High shipping prices affect our business in a mixed way. While increasing GBV per transaction, and in some cases increasing Platform revenue per Transaction, higher prices likely decrease #Transactions, as some importers/exporters, especially SMBs, are price sensitive. As a result, lower prices typically lead to increased small business bookings.


Operational issues also have a mixed approach on our Platform. On the one hand, any disruption to shipping patterns, due to trade wars, pandemics, strikes, weather, or wars, sends people looking for alternatives, which is good for a marketplace. On the other hand, disruptions negatively impact the overall Buyer experience on our Platform, even if the disruption is totally out of our control.

Rapidly Evolving Technologies

The software market, including the LogTech market, is characterized by rapid technological change, frequent new product introductions, and evolving industry standards, which is being accelerated through the increasing use of artificial intelligence (“AI”) and machine learning. Our future success depends on our ability to continue enhancing our products and services, including through AI integration, to meet rapidly evolving customer demands. As an example, due to increased usage of AI to augment internet search patterns, inbound user registration from smaller businesses may be adversely affected. While we continue to adapt our customer acquisition strategies to address these challenges, these trends could negatively impact our future growth, particularly our ability to attract new small business customers. To date, however, this trend has not materially impacted inbound patterns of qualified users, with inbound new business from small businesses remaining stable.

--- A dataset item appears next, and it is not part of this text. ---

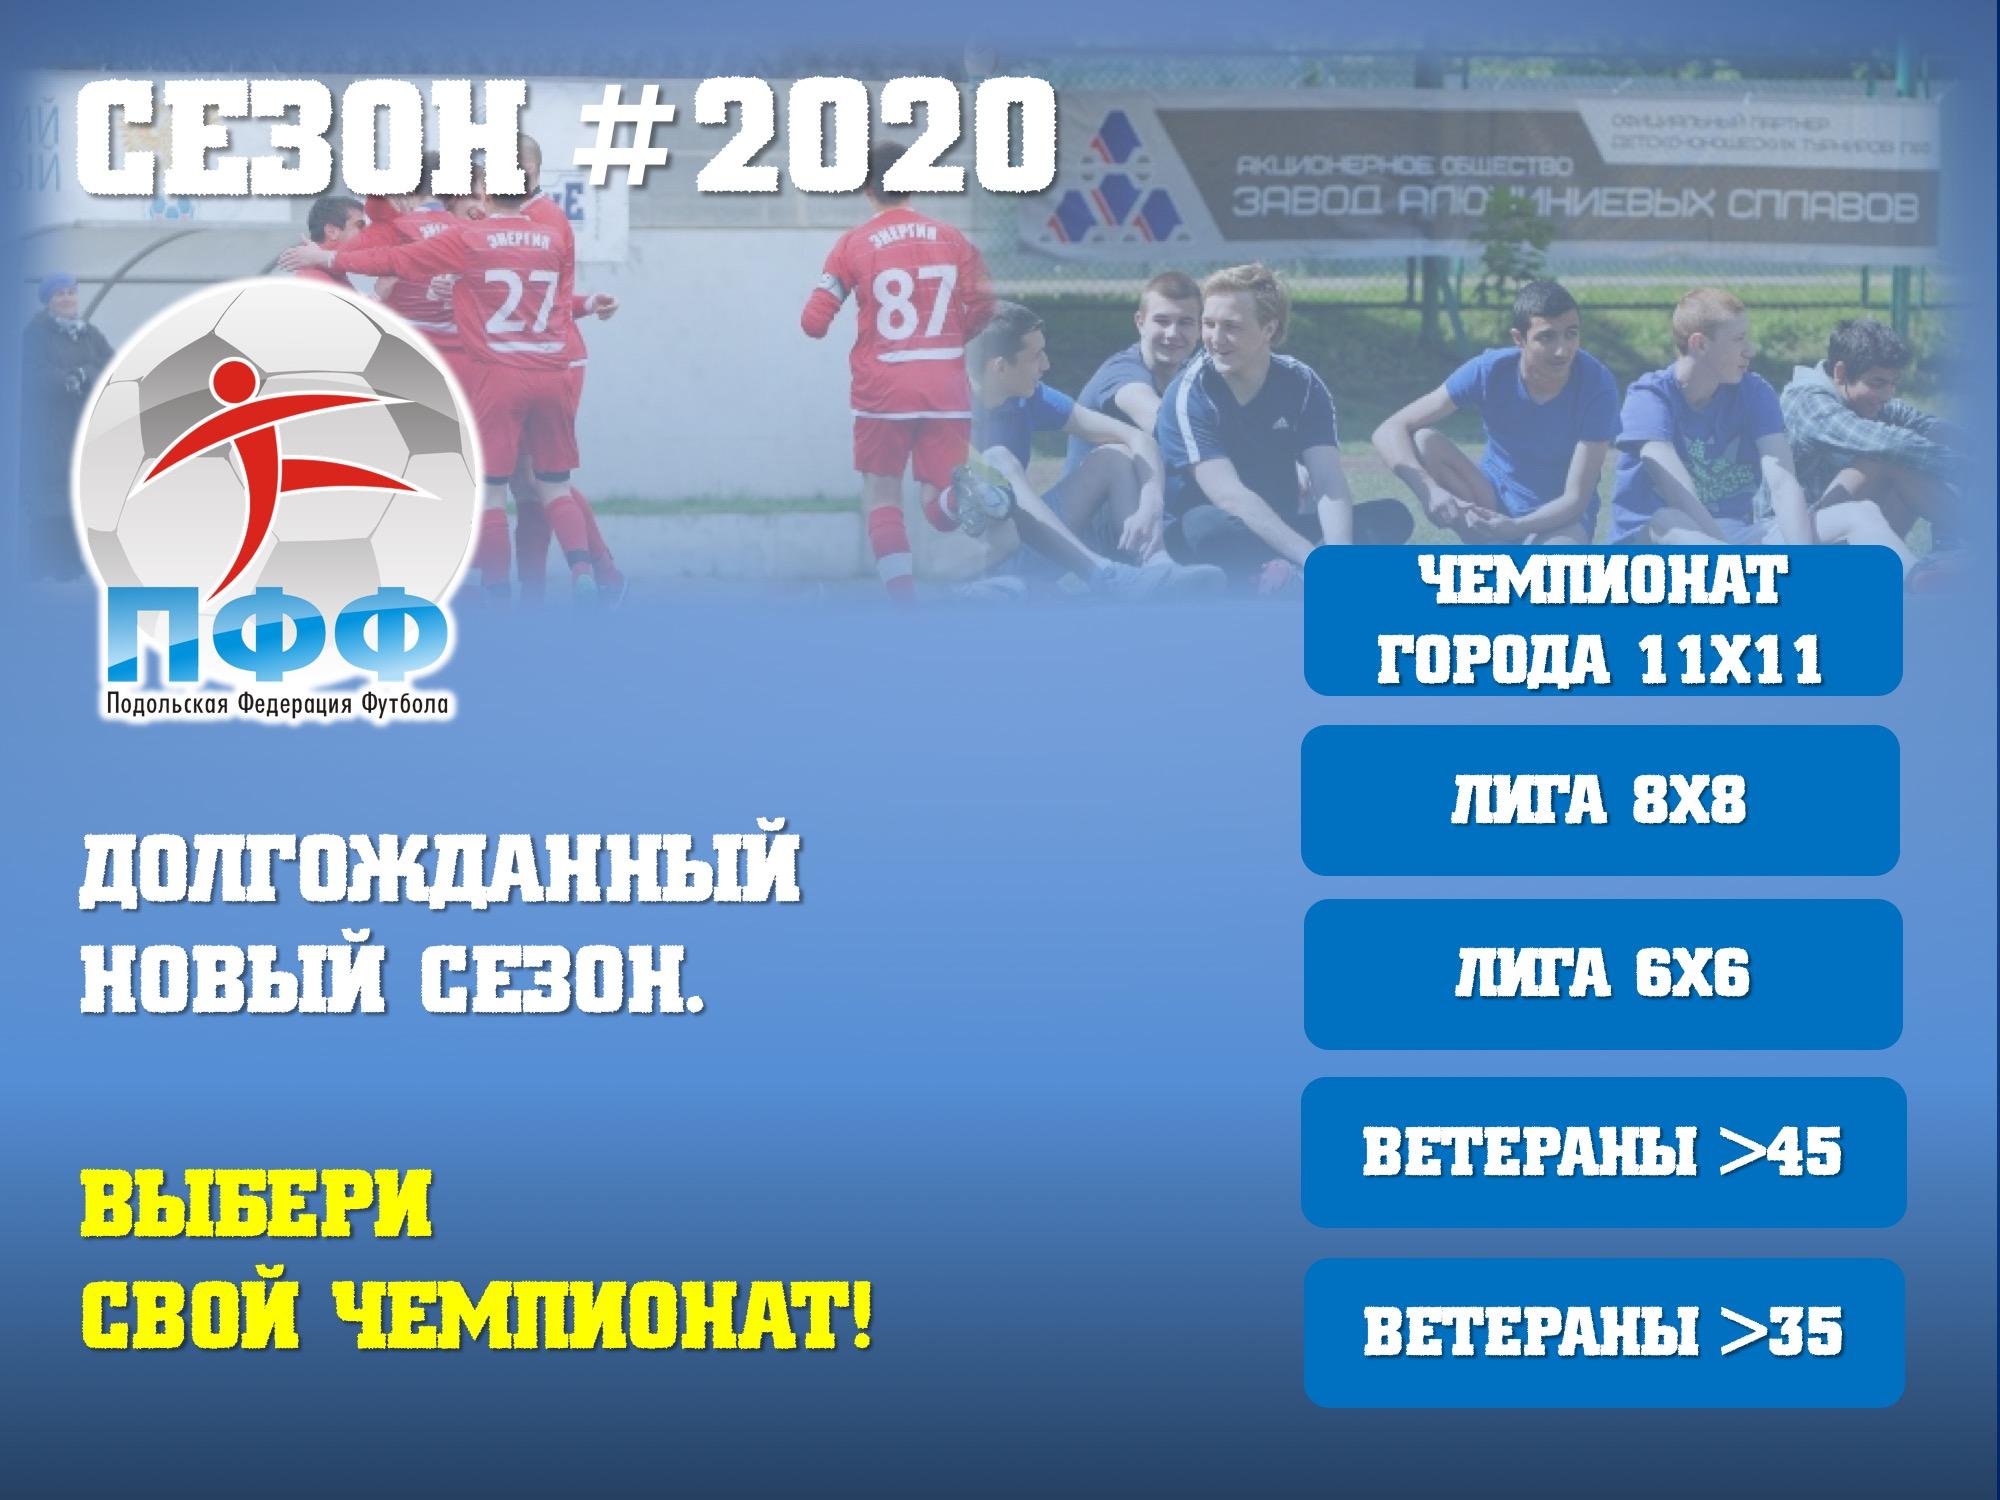 Сезон 2020: выбери чемпионат и подай заявку в два клика

Components of Our Results of Operations

Revenue

Platform Revenue

Platform revenue reflects fees charged to Buyers and Sellers in relation to transactions executed on our Platform. For bookings conducted by importers/exporters, our fees are typically structured as a percentage of booking value, depending on the mode and nature of the service. When freight forwarders book with carriers, the Sellers often pay a pre-negotiated flat fee per transaction. When Sellers transact with a Buyer who is a new customer to the Seller, we may charge a percentage of the booking value as a fee. When we handle payments for transactions on our Platform, Buyer and Sellers will typically pay a percentage fee for the payment handling.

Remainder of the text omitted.